Stat > Regression > Regression > Fit Regression Model > Validation

Choose the validation method to test your model. Usually, with smaller samples, the K-fold cross-validation method is appropriate. With larger samples, you can select a fraction of cases to use for training and for testing.

K-fold cross-validation

Complete the following steps to use K-fold cross validation.

  1. From the drop-down list, select K-fold cross-validation.
  2. Choose one of the following to specify whether to assign folds randomly or with an ID column.
    • Randomly assign rows of each fold: Select this option to have Minitab randomly select rows for each fold. You can specify the number of folds. The default value of 10 works well in most cases. Using a lower value of K may introduce more bias; however larger values of K may introduce more variability. You can also set a base for the random number generator.
    • Assign rows of each fold by ID column: Select this option to choose the rows to include in each fold. In ID column, enter the column that identifies the folds. Each row with the same value in the ID column is in the same fold.
  3. (Optional) Check Store ID column for K-fold cross-validation to save the ID column.

Validation with a test set

Complete the following steps to divide the data into a training data set and a test data set.

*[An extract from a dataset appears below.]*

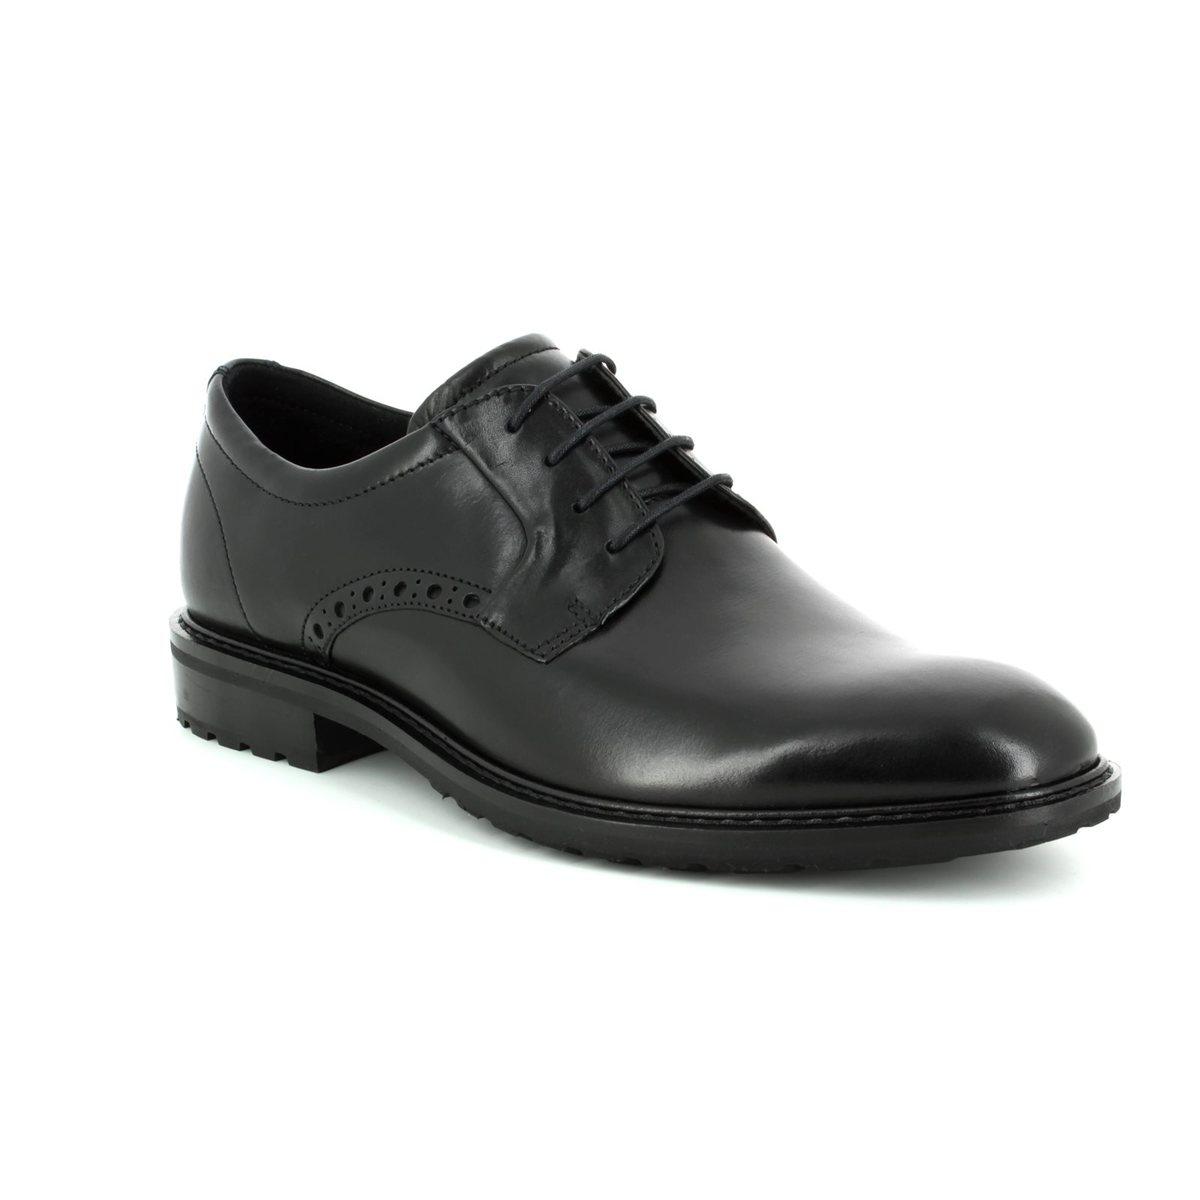 9bffd3095e ECCO Formal Shoes - Black - 640304 01001 VITRUS I

  1. From the drop-down list, select Validation with a test set.
  2. Choose one of the following to specify whether to select a fraction of rows randomly or with an ID column.
    • Randomly select a fraction of rows as a test set: Select this option to have Minitab randomly select the test data set. You can specify how much data to use in the test data set. The default value of 0.3 works well in most cases. You want to include enough data in the test data set to evaluate the model well. If you are unsure about the form of the model, a larger test data set provides stronger validation. You also want enough data in the training data set to estimate the model well. Typically, models with more predictors require more training data to estimate.
    • Define training/test split by ID column: Select this option to select the rows to include in the test sample yourself. In ID column, enter the column that indicates which rows to use for the test sample. The ID column must contain only 2 values. In Level for test set, select which level to use as the test sample.
  3. (Optional) Check Store ID column for training/test split to save the ID column.

None

If None is selected, there is no additional validation performed.